◆ EXERCISE: The complete listing goes into the output exactly, without its pictures.

◆ GIVEN MATERIAL:
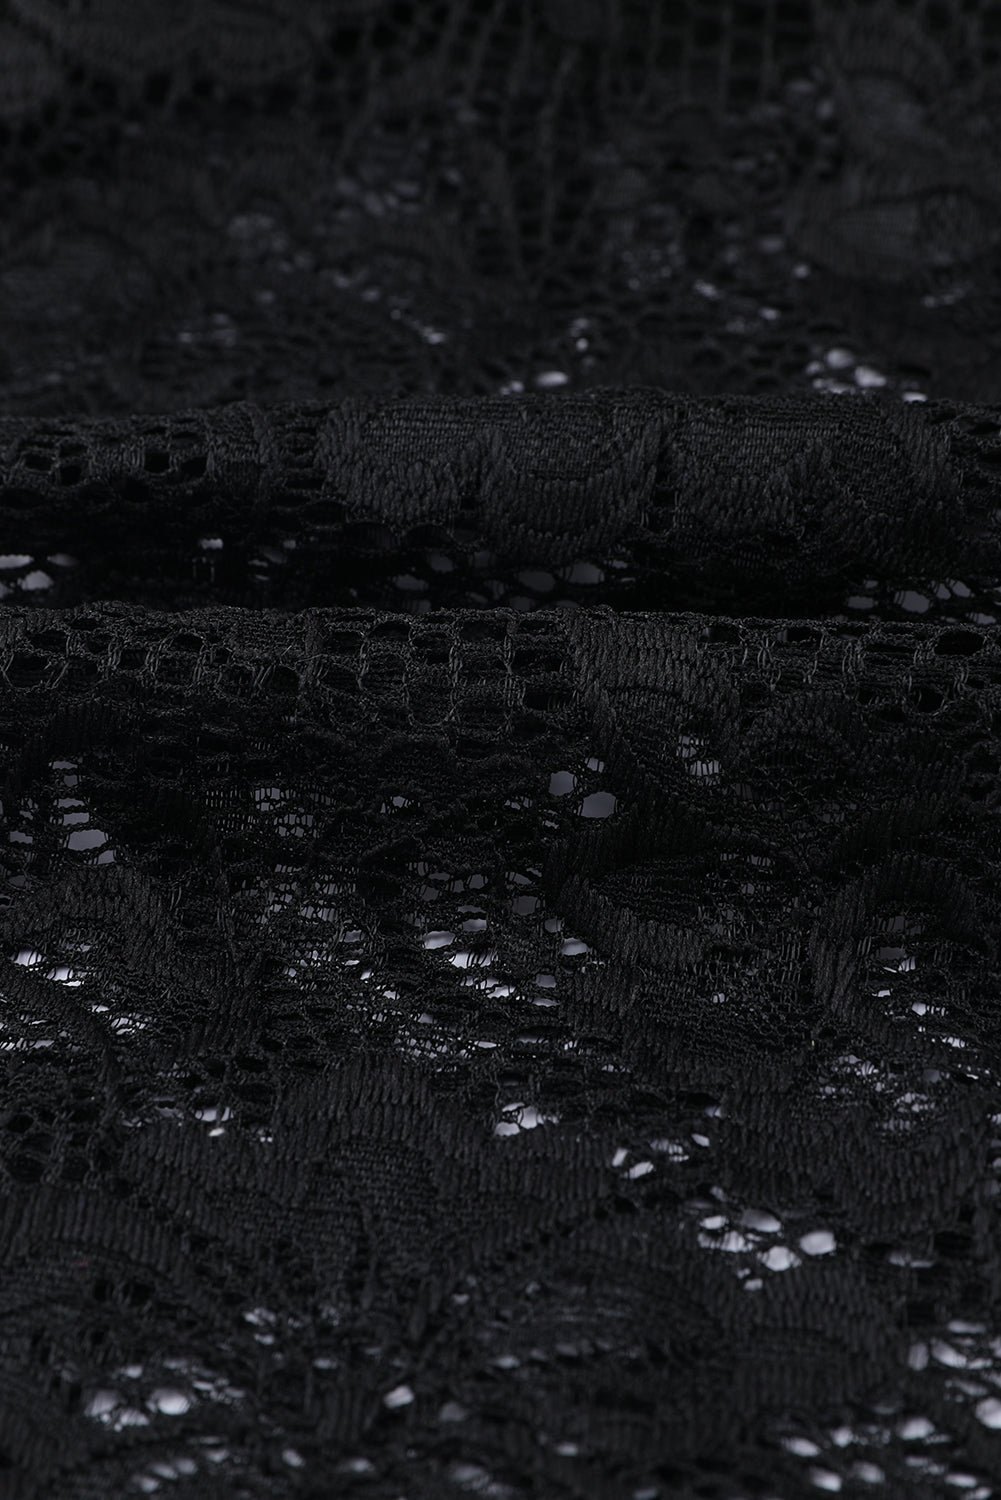 Black Floral Lace Scalloped Square Neck Bodysuit Bodysuits JT's Designer Fashion
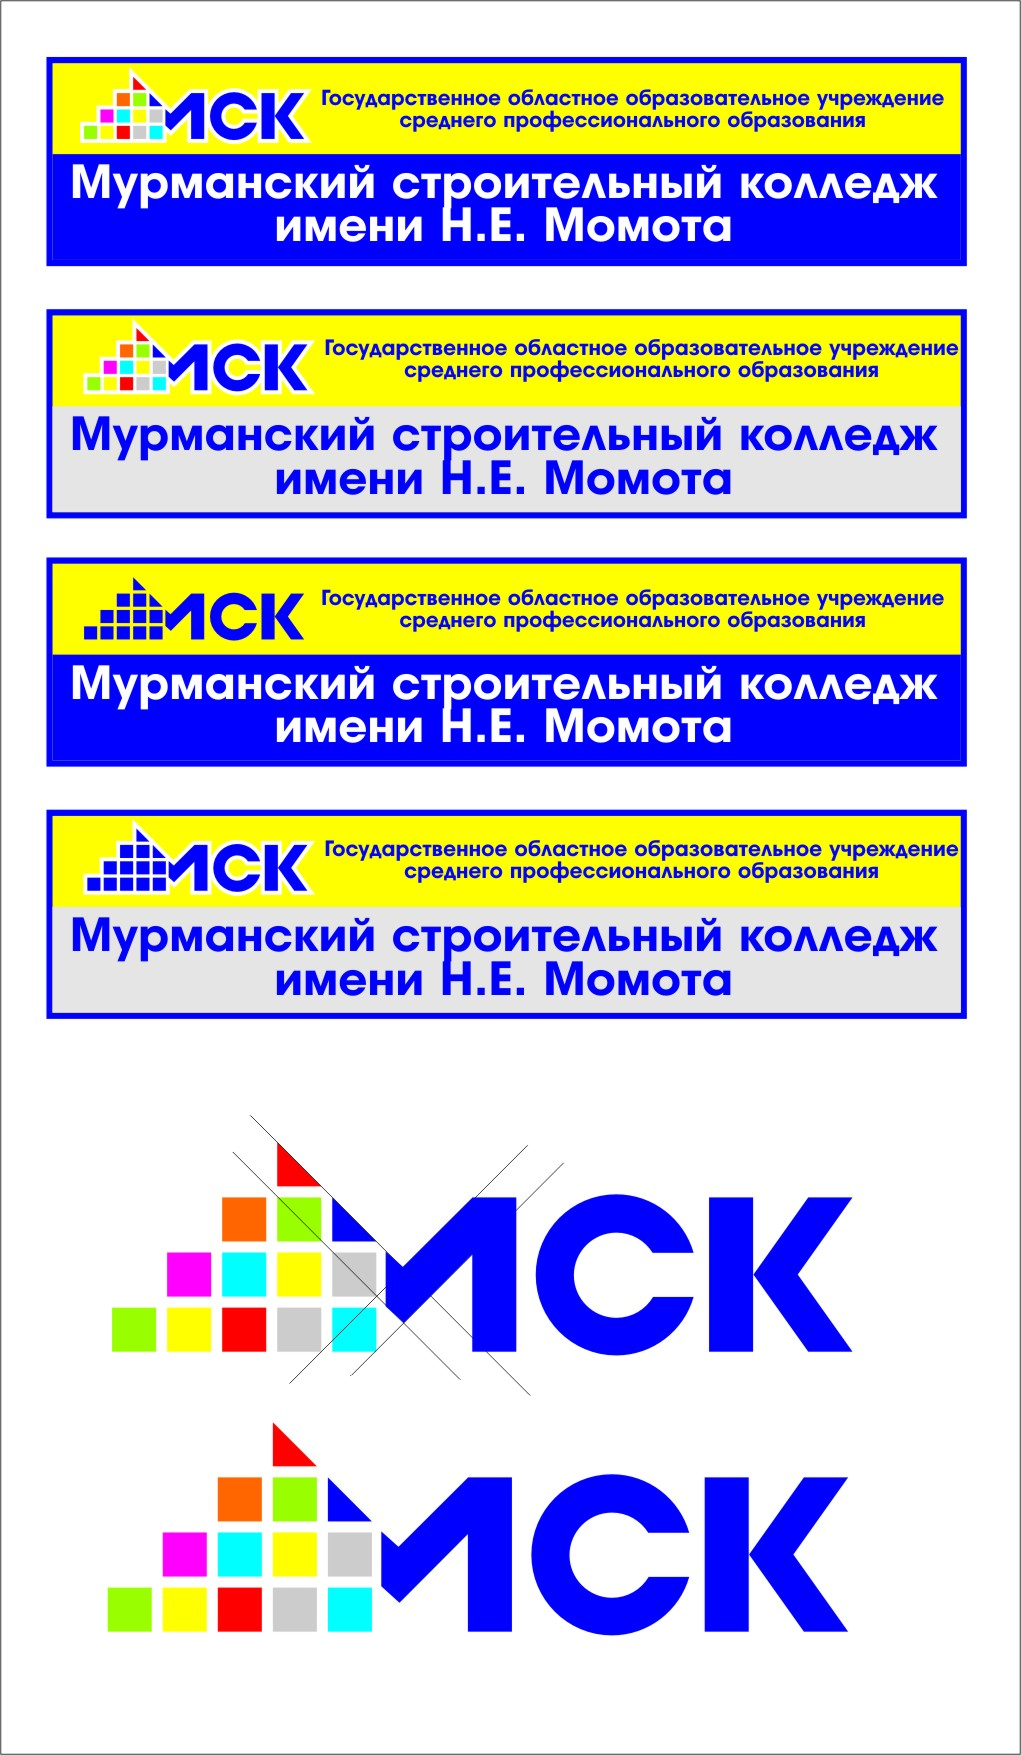 Строительный колледж имени Момота. Мурманский строительный колледж. Колледж Момота Мурманск. Строительный колледж Момота Мурманск.
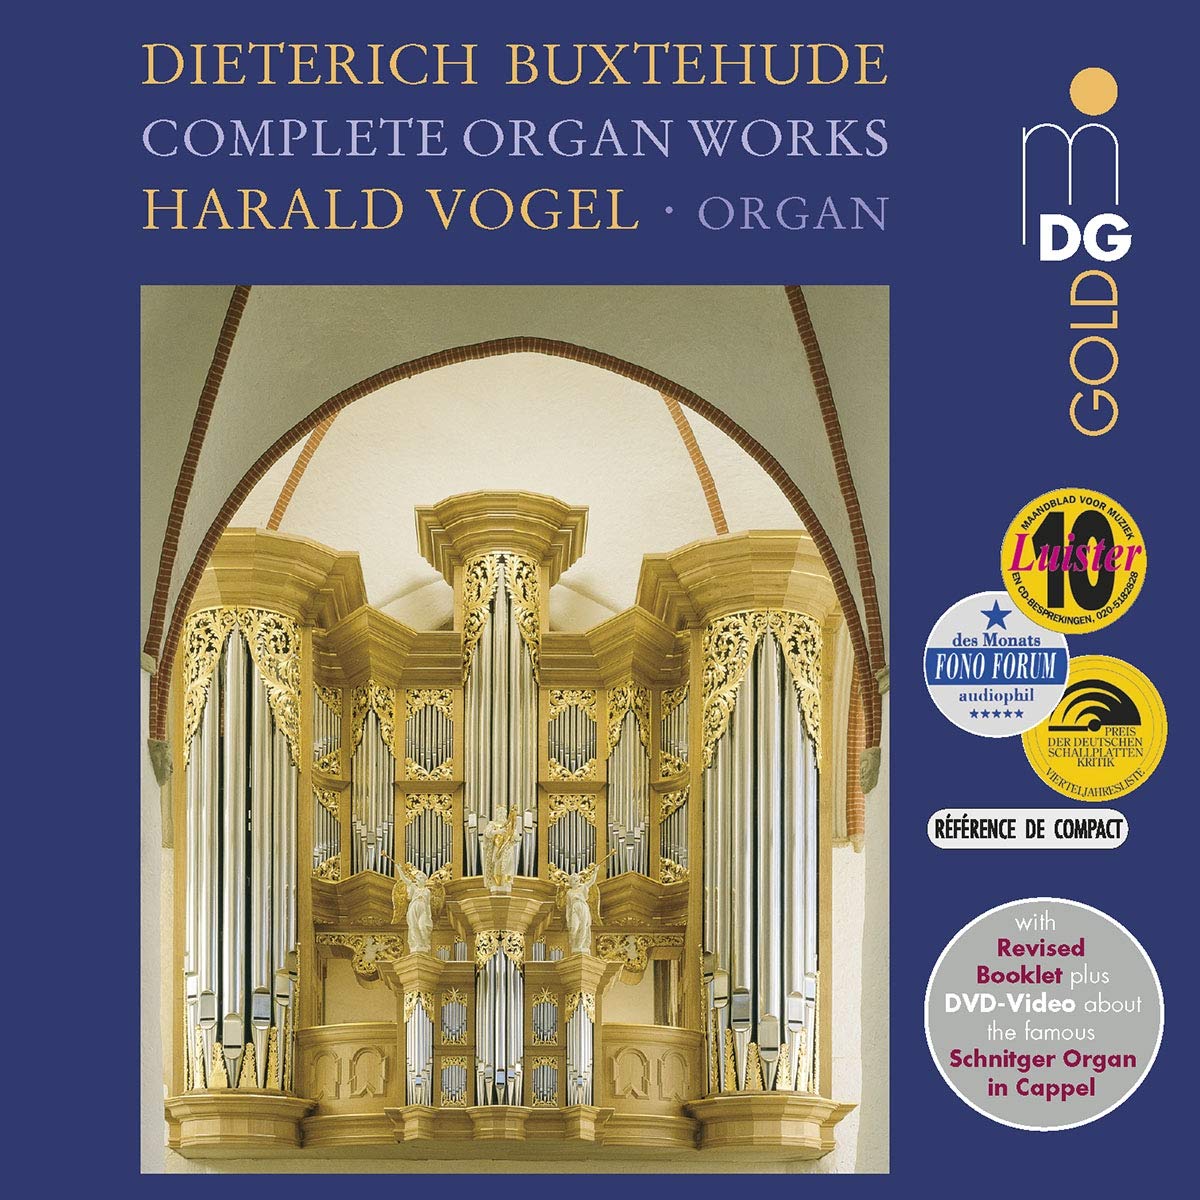 Audio Cd Dietrich Buxtehude - Complete Organ Works (7 Cd) NUOVO SIGILLATO, EDIZIONE DEL 20/09/2019 SUBITO DISPONIBILE

◆ YOUR SOLUTION:
 Black Floral Lace Scalloped Square Neck Bodysuit Bodysuits JT's Designer Fashion
 Строительный колледж имени Момота. Мурманский строительный колледж. Колледж Момота Мурманск. Строительный колледж Момота Мурманск.
 Audio Cd Dietrich Buxtehude - Complete Organ Works (7 Cd) NUOVO SIGILLATO, EDIZIONE DEL 20/09/2019 SUBITO DISPONIBILE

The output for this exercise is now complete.